Try StarTree Cloud: 30-day free trial
Off-heap upsert

Off-Heap upserts

Off-heap upserts scale easily on each server while using a fraction of the memory of on-heap upserts. Perform upserts on large datasets at a fraction of the cost.

Because on-heap upserts use an in-memory map on each server to store metadata for every unique key in the table, in heap memory usage quickly increase as the number of primary keys increase in the table. Also, persisting the state Another limitation of keeping the upsert state in memory is that the system must recreate the state every time servers restart.

With off-hep upserts, the upsert state is now managed on disk. Because the system uses a cache on top of the disk storage, all recent reads go to memory, leading to a negligible slowdown in ingestion speed. Only the latest writes are appended to the memory store, and flushed to disk later, improving the write speed.

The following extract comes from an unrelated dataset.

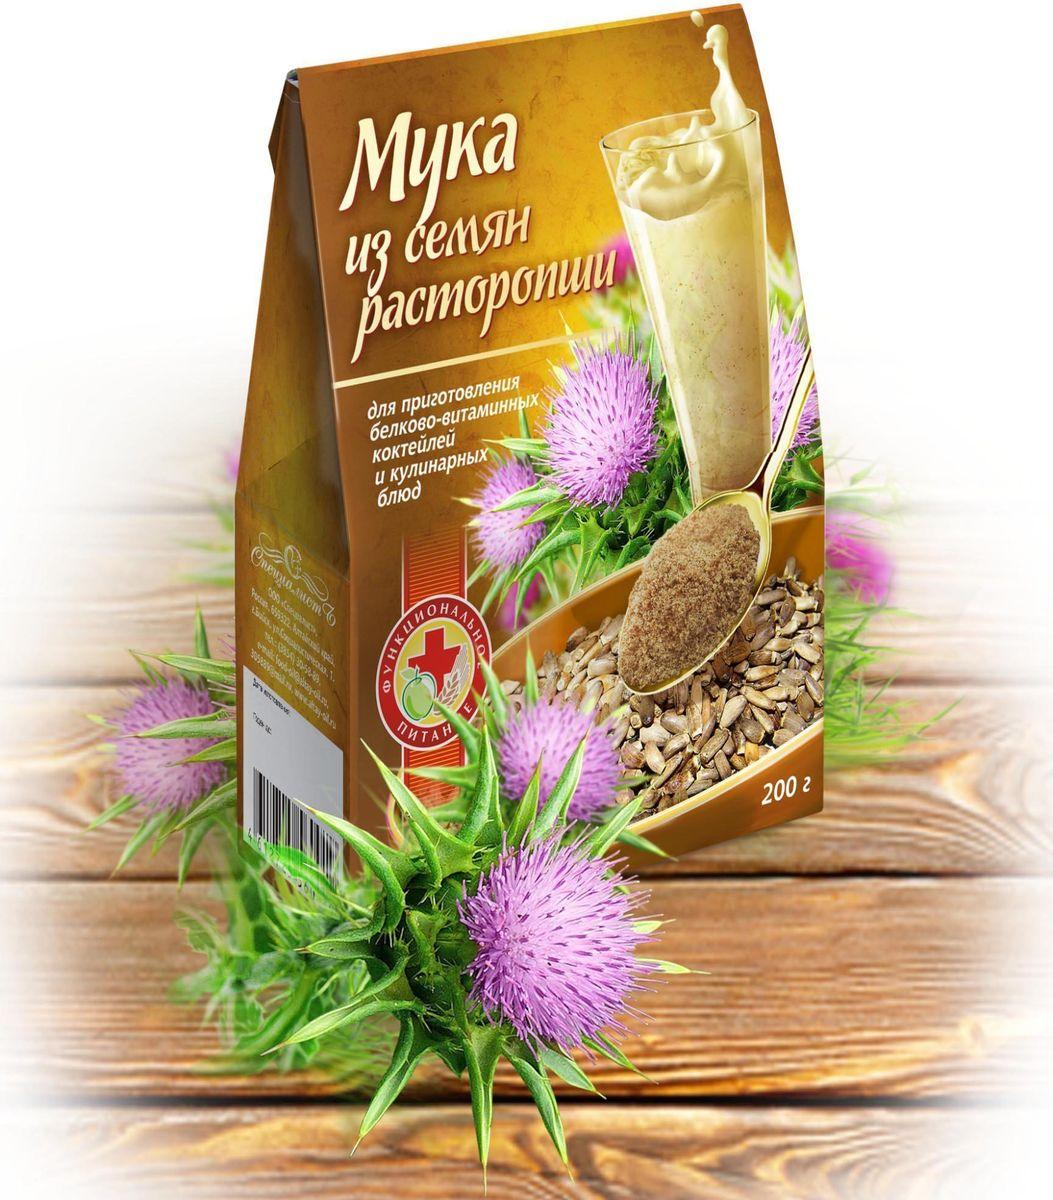 Organic Life мука расторопши, 200 г0120710Мука из семян расторопши содержит уникальный комплекс флавоноидов - силимарин. Исследования показали, что силимарин обладает антиоксидантными свойствами и предотвращает повреждения печени, вызываемые токсинами и лекарствами. Мука из семян расторопши богата клетчаткой, которая способствует нормализации работы пищеварительной системы. Регулярное употребление муки из семян расторопши улучшит работу печени и кишечника. Она просто необходима людям, которые работают в неблагоприятных условиях труда или живут в неблагополучной экологической обстановке.

The query path remains unchanged, so you should still get the same p99 latencies. Latencies may improve with reduced pressure on the on-heap memory.

The off-heap upsert implementation supports any data store as the state backend.

Usage

Off-heap upsert supports two deployment modes:

By default, we recommend relying on the server-level store and only using the table-level store in case of extremely rare performance bottlenecks.

  • Server-level store: Here each server has a single backend and all tables update their state to this backend. Efficiency improves due to less overall CPU and memory utilization of the backend.

  • Table-level store: Here each table has a separate backend, which provides better performance for the table.

Enable offheap in a new table

There are two deployment modes: server-level store and table-level store.

Use server-level store

Under development to make this configurable. Currently, the server-level store requires a change in server configuration.

  • To enable the off-heap store in StarTree Cloud, raise a request in the Support portal. The ticket should contain the approximate count of distinct primary keys present in all of the tables where off-heap upsert is enabled. Just an approximate global count is required and not a granular table-level count.

  • Once the off-heap store is enabled in your deployment, you can start using it in your tables.

For a new table, add the following configuration in the table config (opens in a new tab):

    "upsertConfig" : {
        "mode": "FULL",
        "hashFunction": "NONE",
        "enableSnapshot": true,
        "metadataManagerClass": "ai.startree.pinot.upsert.rocksdb.RocksDBTableUpsertMetadataManager"
    }

Partial upserts are also supported. The configuration above is just an example. You can add enableSnapshot and metadataManagerClass to your existing upsert configuration.

Use table-level store

Not recommended. Use only if you experience major ingestion lag because of off-heap upsert. Leads to higher CPU and memory usage, but does provides better performance.

For a new table, add the following configuration in the table config (opens in a new tab):

    "upsertConfig" : {
        "mode": "FULL",
        "hashFunction": "NONE",
        "enableSnapshot": true,
        "metadataManagerClass": "ai.startree.pinot.upsert.rocksdb.RocksDBTableUpsertMetadataManager",
        "metadataManagerConfigs": {
            "useIsolatedStore": "true"
        }
    }

(Optional) Tune the backend as needed for performance. For example, to change the cache size to 2GB (default is 1GB), include the following:

  "metadataManagerConfigs": {
    "rocksdb.blockcache.size_bytes": "2147483648",
}

Partial upserts are also supported. The configuration above is just an example. To do so, add enableSnapshot, metadataManagerClass, and metadataManagerConfigs to your existing upsert configuration.

Enable off-heap in an existing table

The steps to enable in an existing table are the same as for a new table. However, you must restart the server to transfer the older metadata to the new backend.

In your support ticket, mention the existing table names to enable off-heap upserts for.